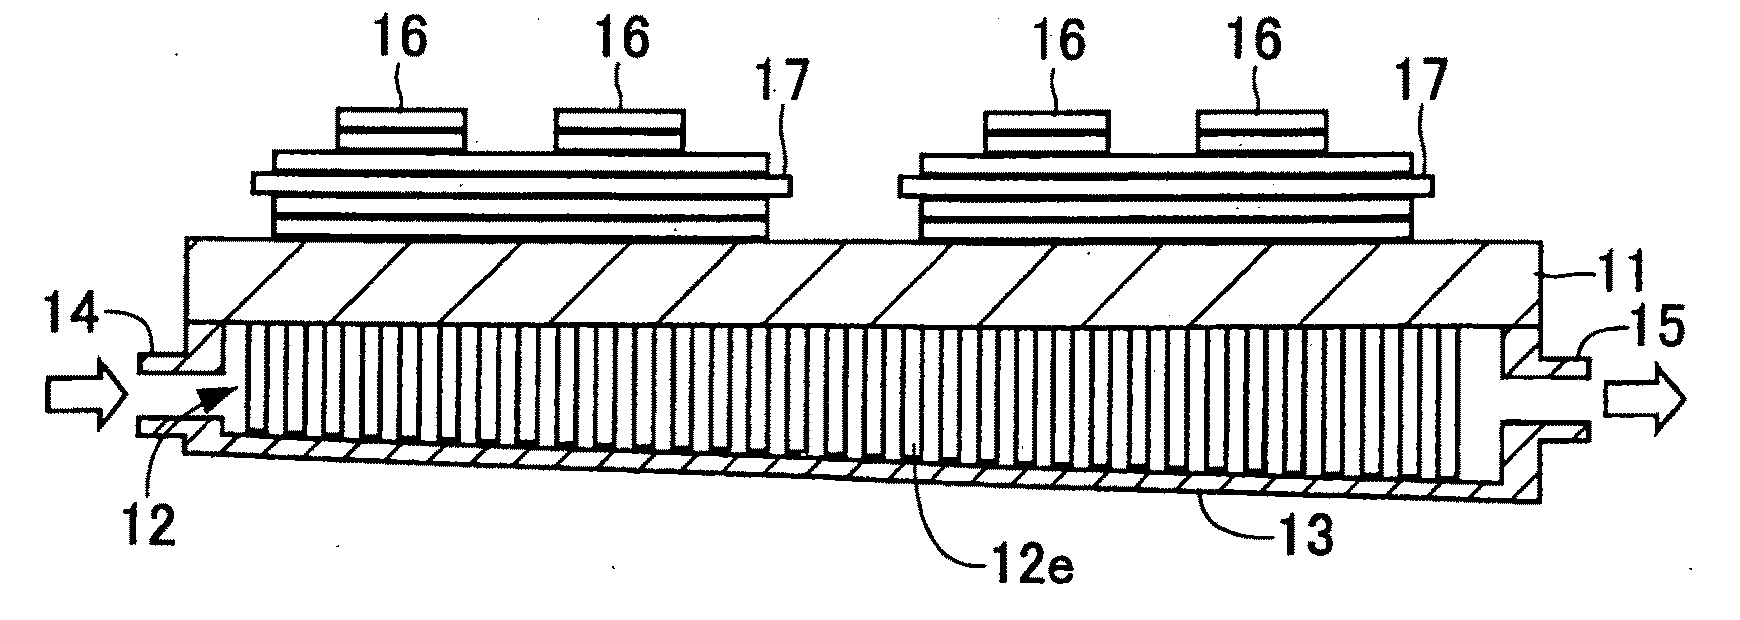 Cooling apparatus for semiconductor chips
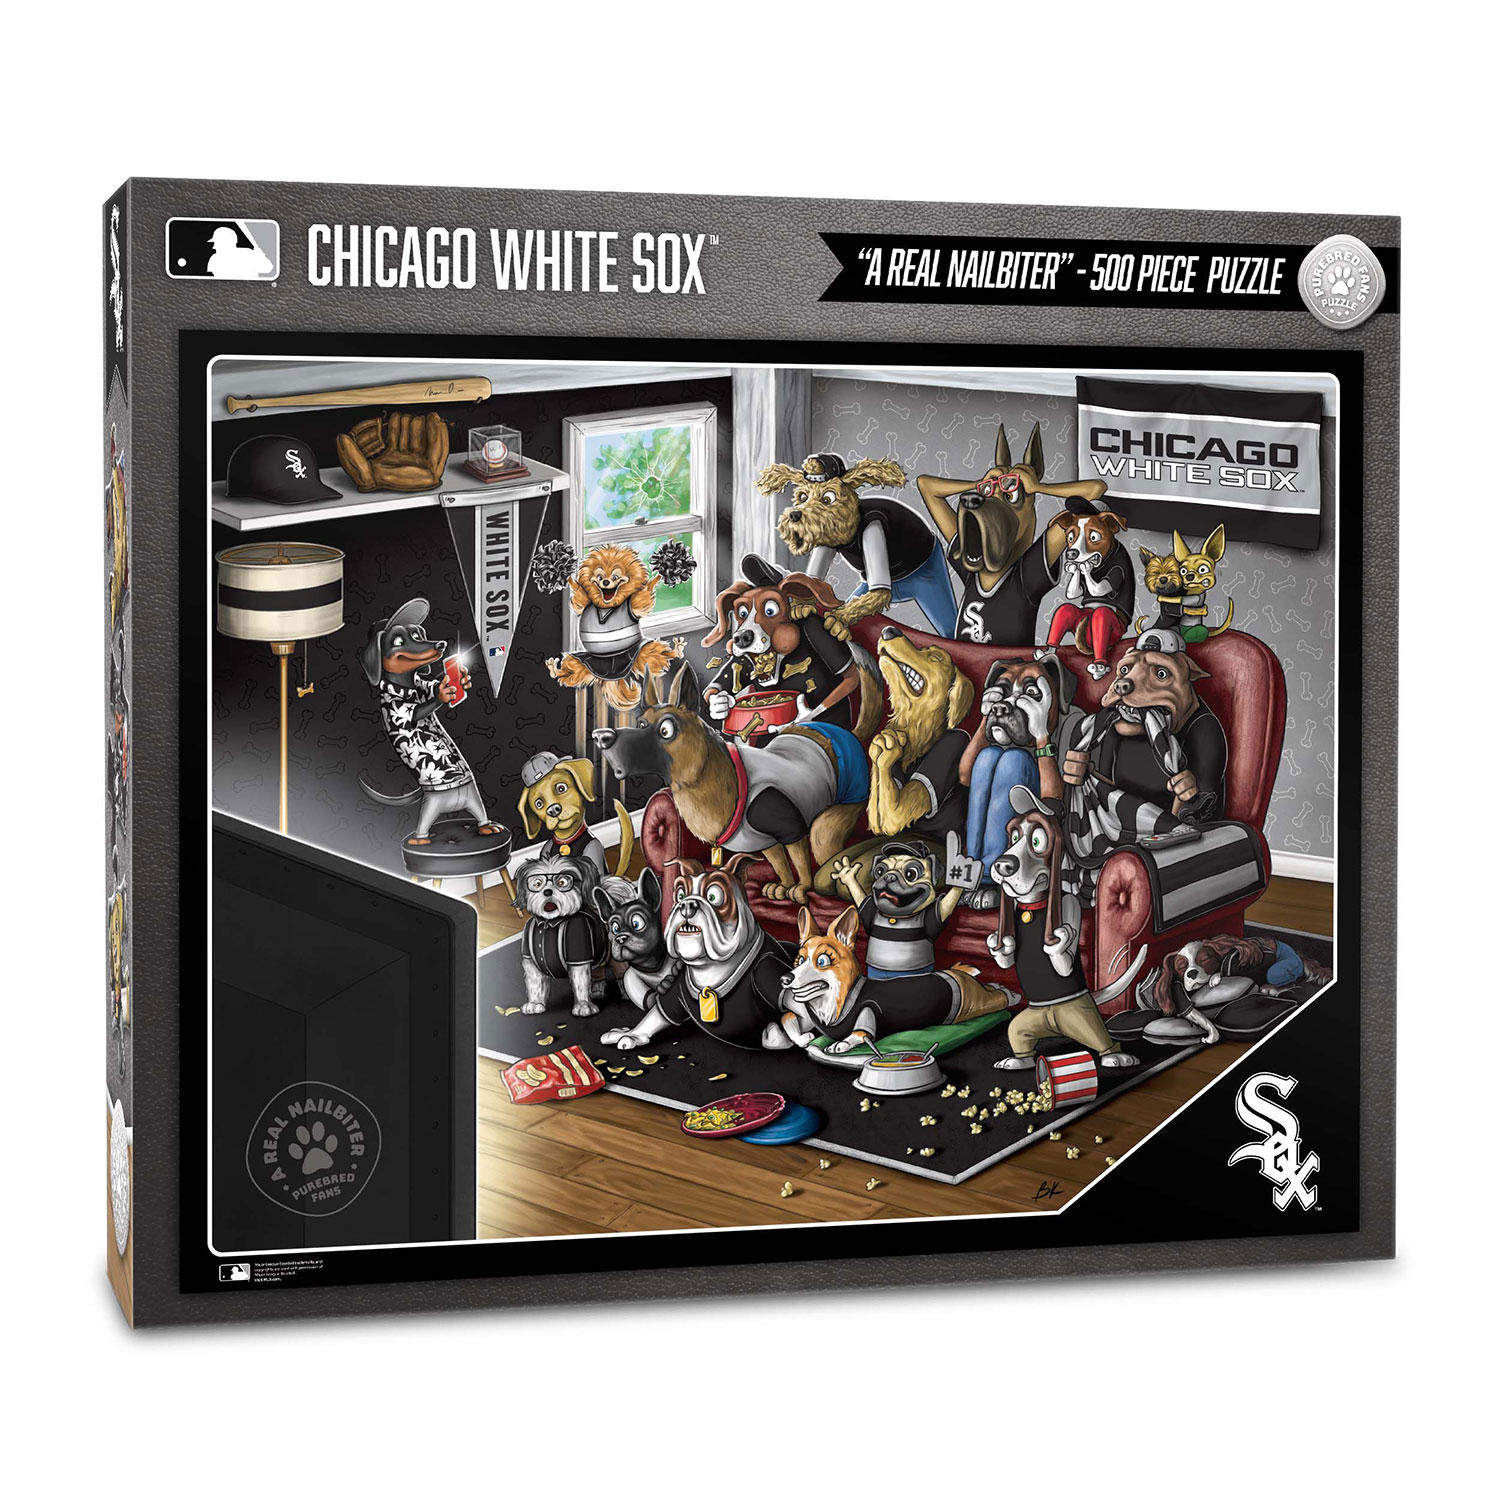 MLB Purebred Fans 500pc Puzzle - 'A Real Nailbiter' - Chicago White Sox
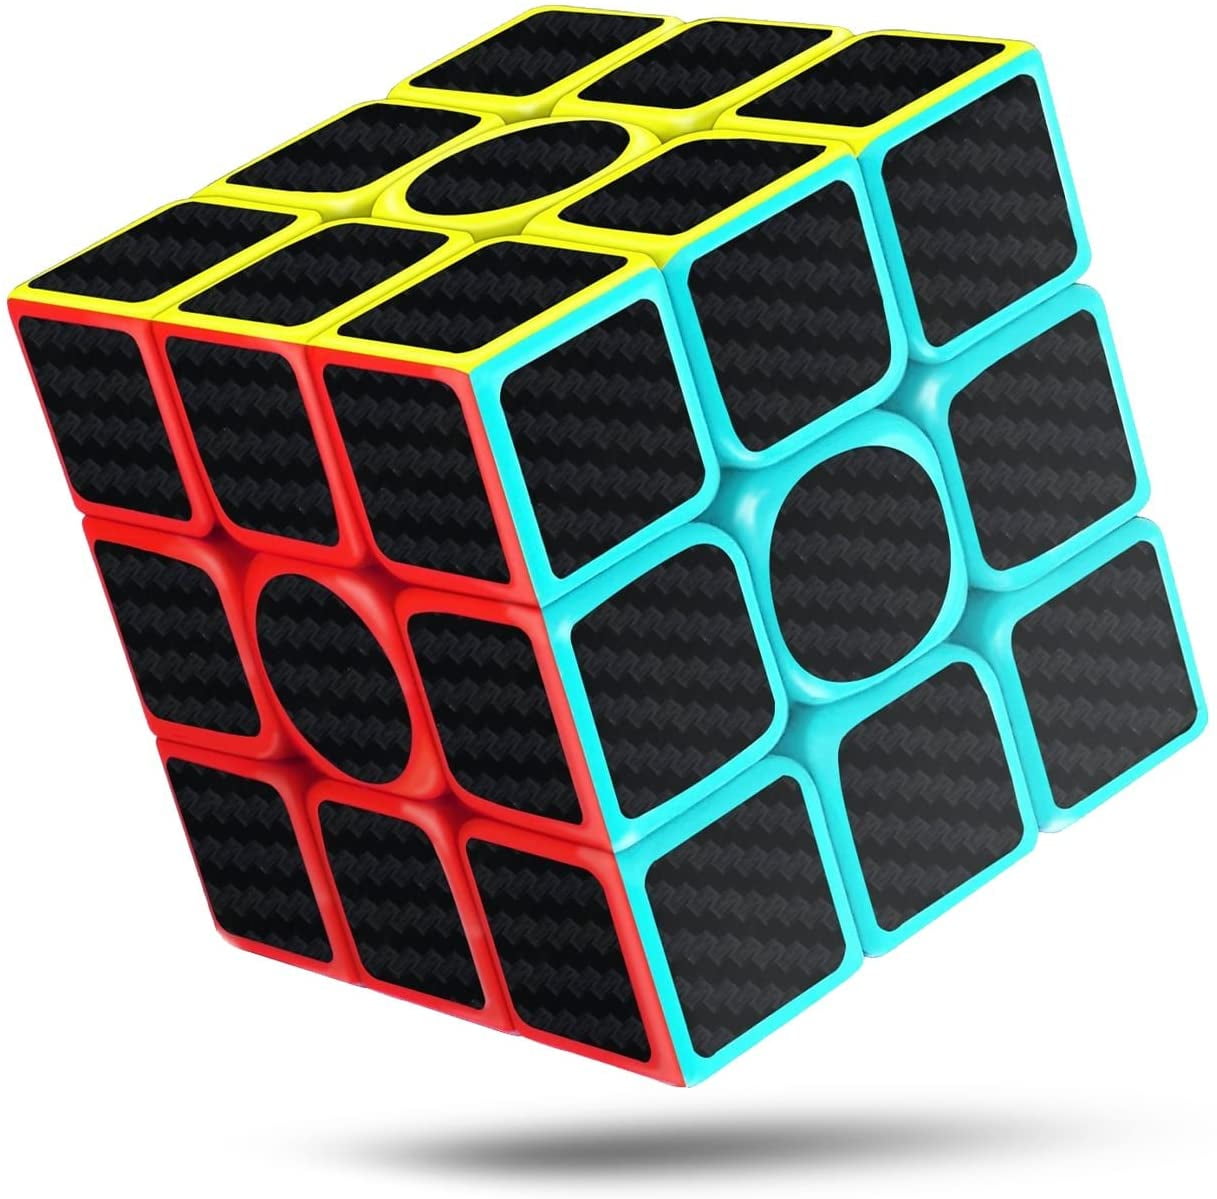 3x3x3 Magic Speed Cube Original Ultra-smooth Stickerless Puzzle Educational Toy 
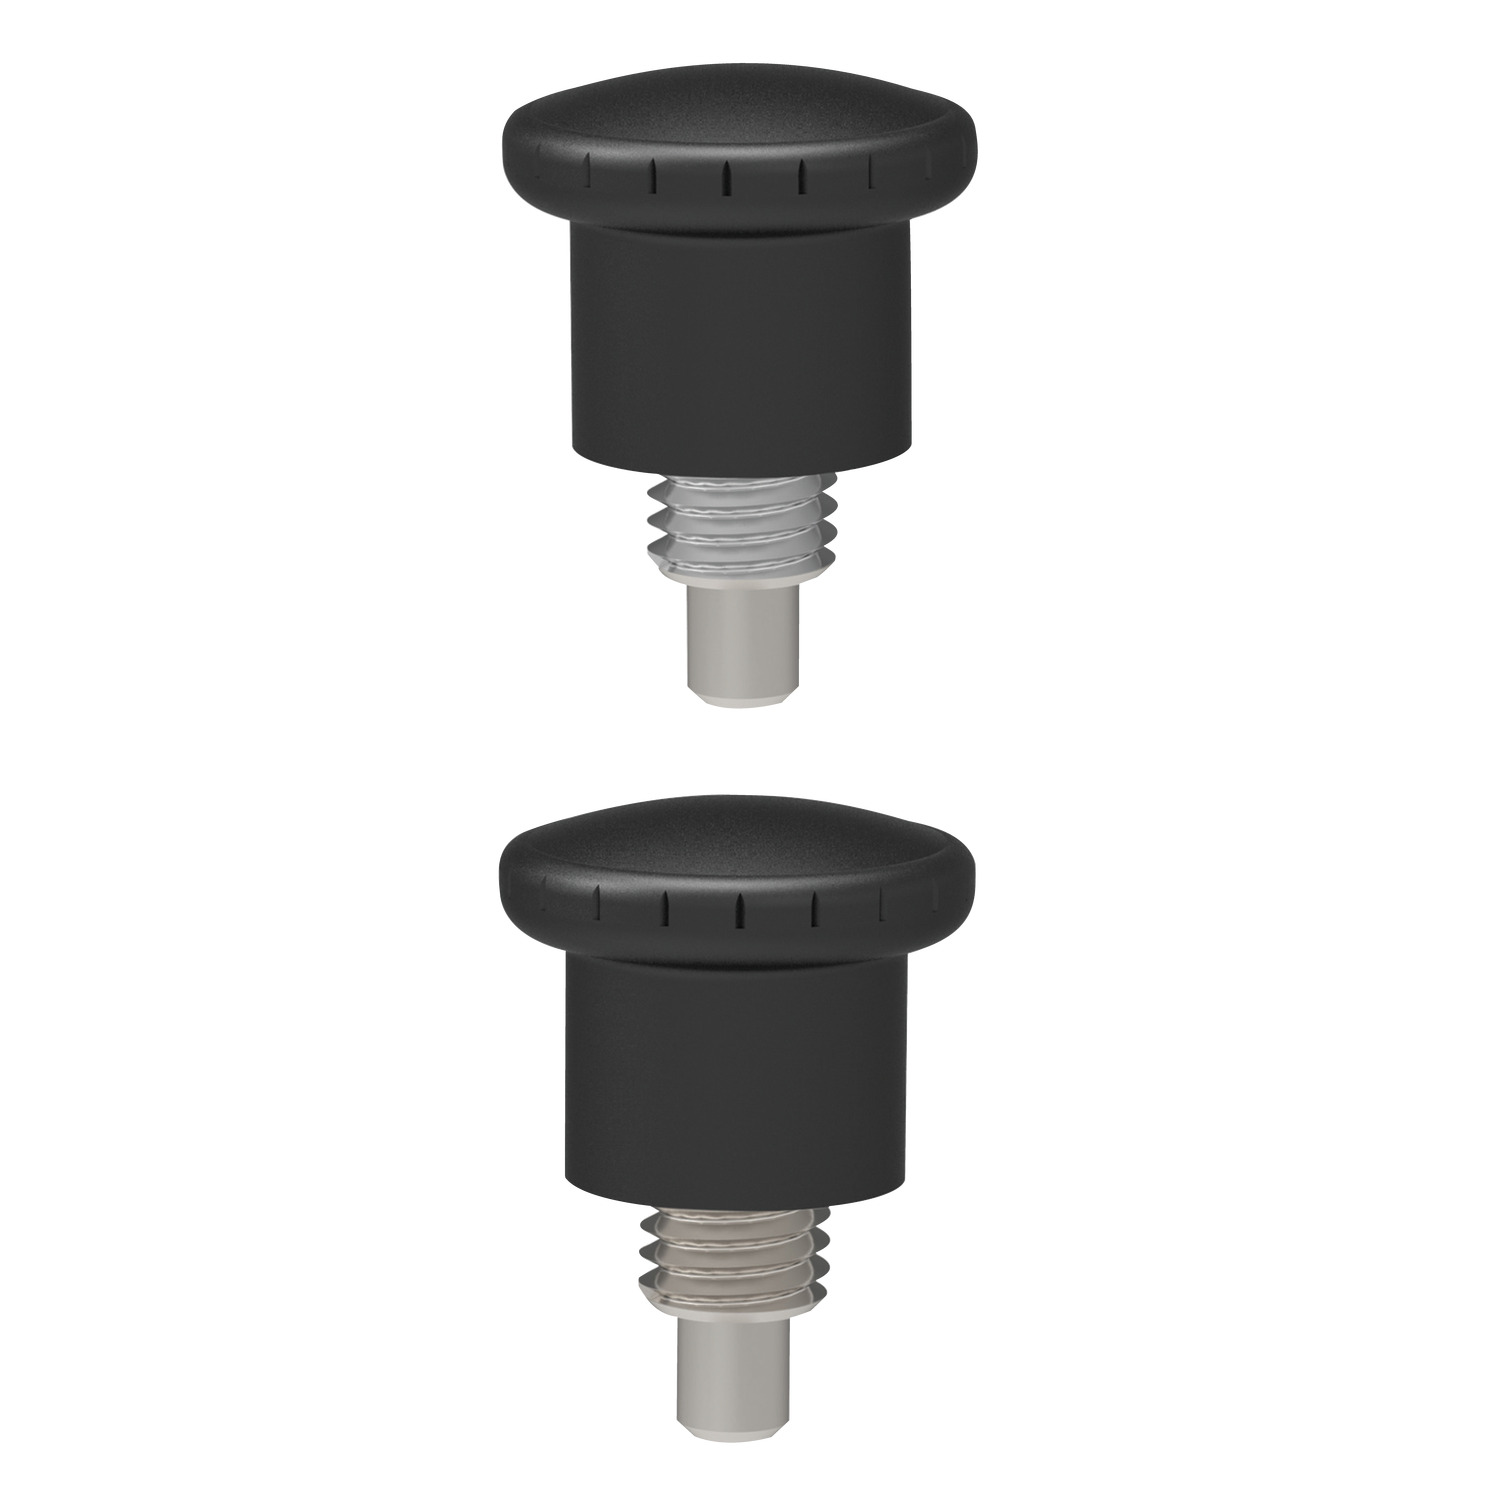 Index Plungers - Pull Grip Ideal for smaller and lighter location requirements or those with thin materials.

* * * * *

**Work task**
What the reply must contain is an exact transcription of the data above and none of its pictures.

**Output for this exercise**
 Cooling apparatus for semiconductor chips
 MLB Purebred Fans 500pc Puzzle - 'A Real Nailbiter' - Chicago White Sox
 3x3x3 Magic Speed Cube Original Ultra-smooth Stickerless Puzzle Educational Toy 
 Index Plungers - Pull Grip Ideal for smaller and lighter location requirements or those with thin materials.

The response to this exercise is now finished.